Monroe Calculator Company

The Monroe Calculator Company was a maker of adding machines and calculators founded in 1912 by Jay R. Monroe based on a machine designed by Frank Stephen Baldwin. Now known as Monroe Systems for Business, the company was also known as Monroe Calculating Machine Company, Monroe THE Calculator Company, and Monroe Division of Litton Industries.

History

For many years, Monroe was headquartered in Orange, New Jersey and Morris Plains, New Jersey with its manufacturing plants in New Jersey, Bristol, Virginia and Amsterdam. In 1958, the company was acquired by Litton Industries.[1] Litton sold it in 1984. In the mid-1980s, the company diversified and began carrying a line of private-labeled copiers (manufactured by Mita Corp.) and cross-cut paper shredders, but those items have been discontinued.

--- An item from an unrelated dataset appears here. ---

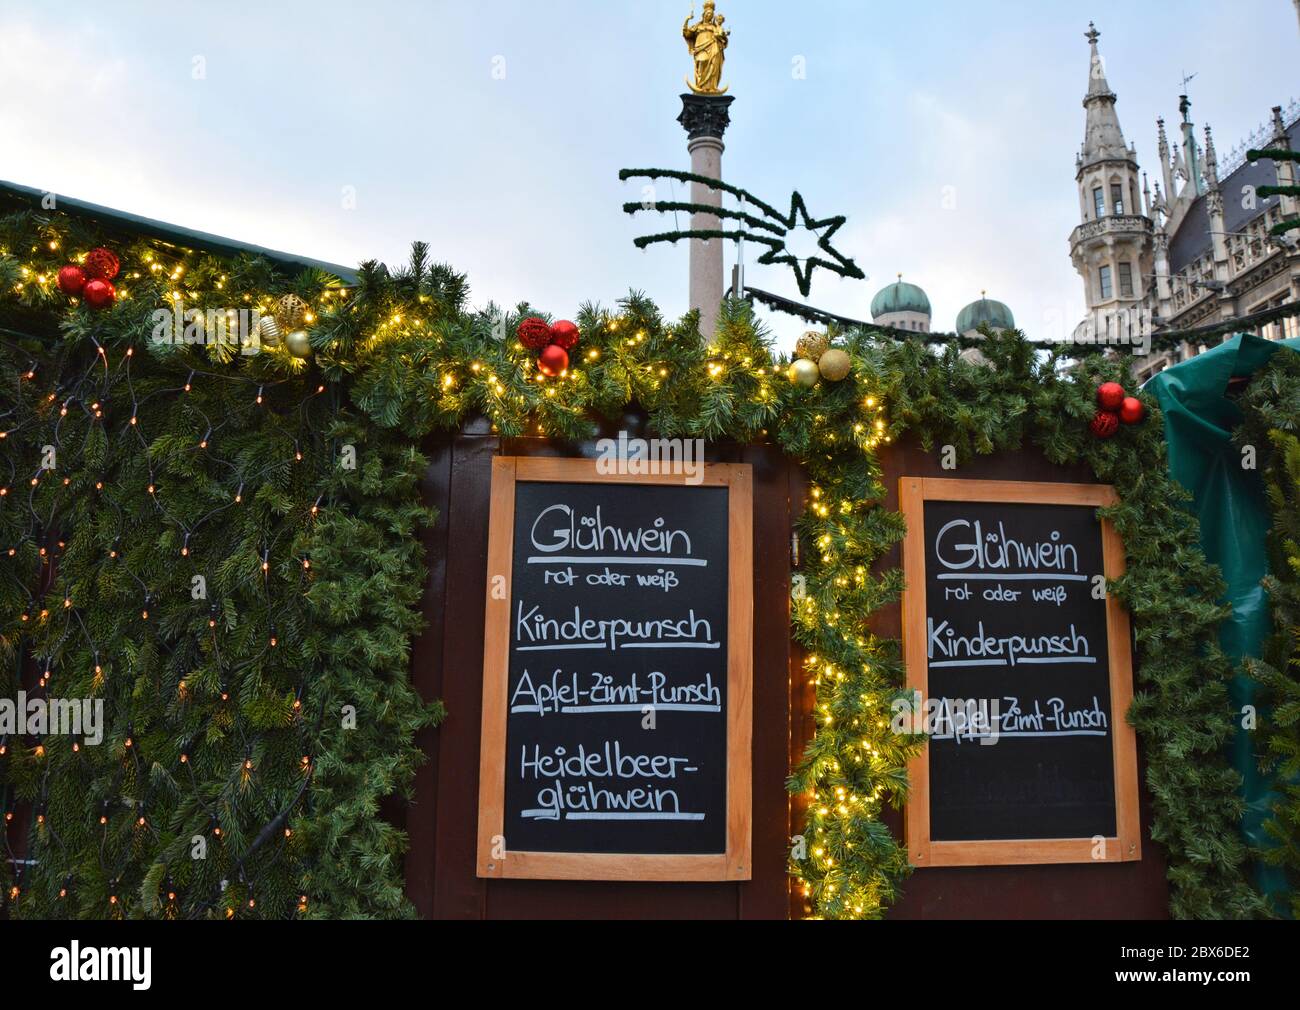 Menú de bebidas navideñas en el mercado navideño de Munich, Alemania Foto de stock

In the 1970s and 1980s, the company had some 300 sales and service branch offices in the United States. In 1972, Monroe announced a pocket-sized electronic display calculator at $269.[2] As low cost electronic calculators from Japan became readily available through retail distribution, the mechanical calculator companies like Monroe, Friden, and Marchant declined even as they introduced programmable calculators.

Products

Monroe L-160
Monrobot XI
Model 145 was the last adding machine model produced.
Model 570 was the last electro-mechanical four-function calculator model produced.
Visual Display only
400 and 600 series
Paper tape and visual display
1300 and 1400 series
The 1600 and 1800 series calculators, from OEM Compucorp competed against similar desktop calculators from Wang Laboratories.
Model 200 billing machine for accounts receivable functions.
Monroe Calculating Machine Mark XI (or "Monrobot XI") was an inexpensive, relatively slow, general-purpose computer introduced in 1960

References

  1. The New York Times, January 24, 1958, p. 31.
  2. The Wall Street Journal, March 15, 1972, p. 40.